When an 8-lb rifle is fired, the 0.02-lb bullet receives an acceleration of 10^5 ft/s^2 while it is the barrel? (a) How much force acts on the bullet? (b) Does any force act on the rifle? If so, how much and in what direction? (c) The bullet is accelerated for 0.007 s. How fast does it leave the barrel of the rifle?
(a) f = m a = .02/32 * 1E5 = 63 lb
(b) yes ... Newton's 3rd Law ... equal and opposite reaction
(c) .007 s * 1E5 ft/s² = 700 ft/s
sounds like an air rifle
To answer your questions, we'll need to use Newton's second law of motion, which states that the force acting on an object is equal to its mass multiplied by its acceleration: F = m * a.
(a) First, let's find the force acting on the bullet. The mass of the bullet is 0.02 lb, which is equivalent to approximately 0.0091 kg (1 lb ≈ 0.4536 kg). The acceleration is given as 10^5 ft/s^2, which is approximately 3.048 × 10^4 m/s^2 (1 ft ≈ 0.3048 m). Let's plug these values into the formula:
F = m * a
F = 0.0091 kg * 3.048 × 10^4 m/s^2
F ≈ 0.2776 N
Therefore, the force acting on the bullet is approximately 0.2776 Newtons.
(b) Yes, a force acts on the rifle as well, due to the principle of action and reaction. This force is equal in magnitude but opposite in direction to the force acting on the bullet. Therefore, the force acting on the rifle is also approximately 0.2776 Newtons, but in the opposite direction.

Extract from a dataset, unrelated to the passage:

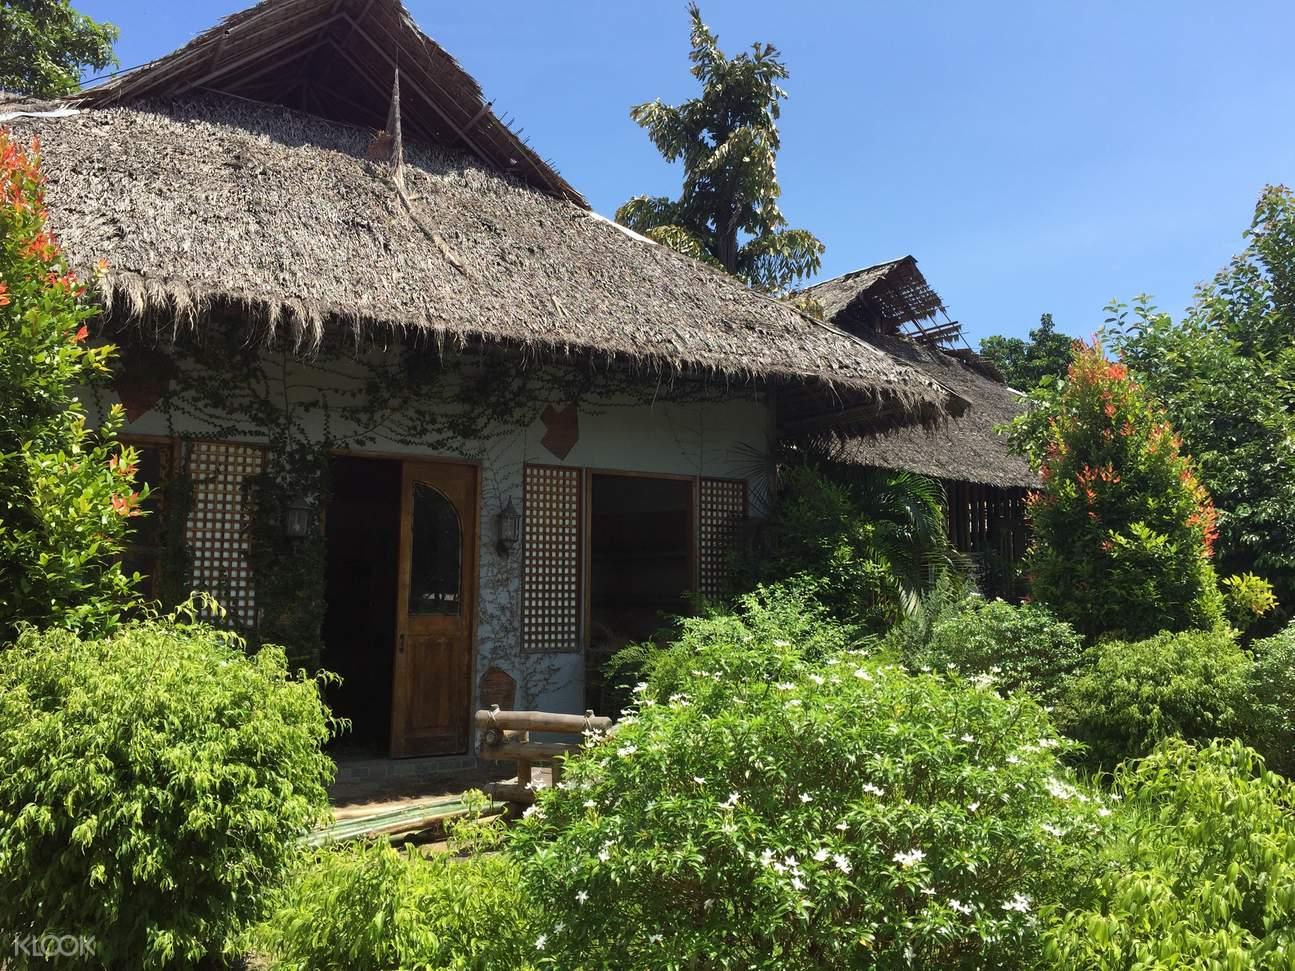 Sidlakang Negros Village Dumaguete

(c) To determine the velocity of the bullet as it leaves the barrel, we can use the equation of motion: v = u + a * t, where v is the final velocity, u is the initial velocity (assumed to be 0 since the bullet starts from rest), a is the acceleration, and t is the time.
Plugging in the values:
v = 0 + 3.048 × 10^4 m/s^2 * 0.007 s
v ≈ 213.36 m/s
Therefore, the bullet leaves the barrel with an approximate velocity of 213.36 m/s.
To answer this question, we can apply Newton's second law of motion, which states that the force acting on an object is equal to the mass of the object multiplied by its acceleration.
(a) To find the force acting on the bullet, we need to calculate the product of the mass of the bullet and its acceleration. Given that the mass of the bullet is 0.02 lb and the acceleration is 10^5 ft/s^2, we can convert the mass to slugs (lb/s^2) and calculate:
Force = mass × acceleration
Force = (0.02 lb) × (32.174 ft/s^2/lb) × (10^5 ft/s^2)
Force = 643.48 lb·ft/s^2
Therefore, the force acting on the bullet is 643.48 lb·ft/s^2.
(b) According to Newton's third law of motion, for every action, there is an equal and opposite reaction. Therefore, when the bullet is fired forward, the rifle experiences a recoil force in the opposite direction. The magnitude of this force is equal to the force acting on the bullet. Thus, the force acting on the rifle would also be 643.48 lb·ft/s^2, but in the opposite direction.
(c) To calculate the velocity of the bullet as it leaves the barrel, we can use the formula:
final velocity = initial velocity + (acceleration × time)
The initial velocity of the bullet is assumed to be zero since it starts from rest inside the barrel, and the acceleration is 10^5 ft/s^2. Given that the bullet is accelerated for 0.007 s, we can substitute these values into the equation:
final velocity = 0 + (10^5 ft/s^2 × 0.007 s)
final velocity = 700 ft/s
Therefore, the bullet will leave the barrel of the rifle with a velocity of 700 ft/s.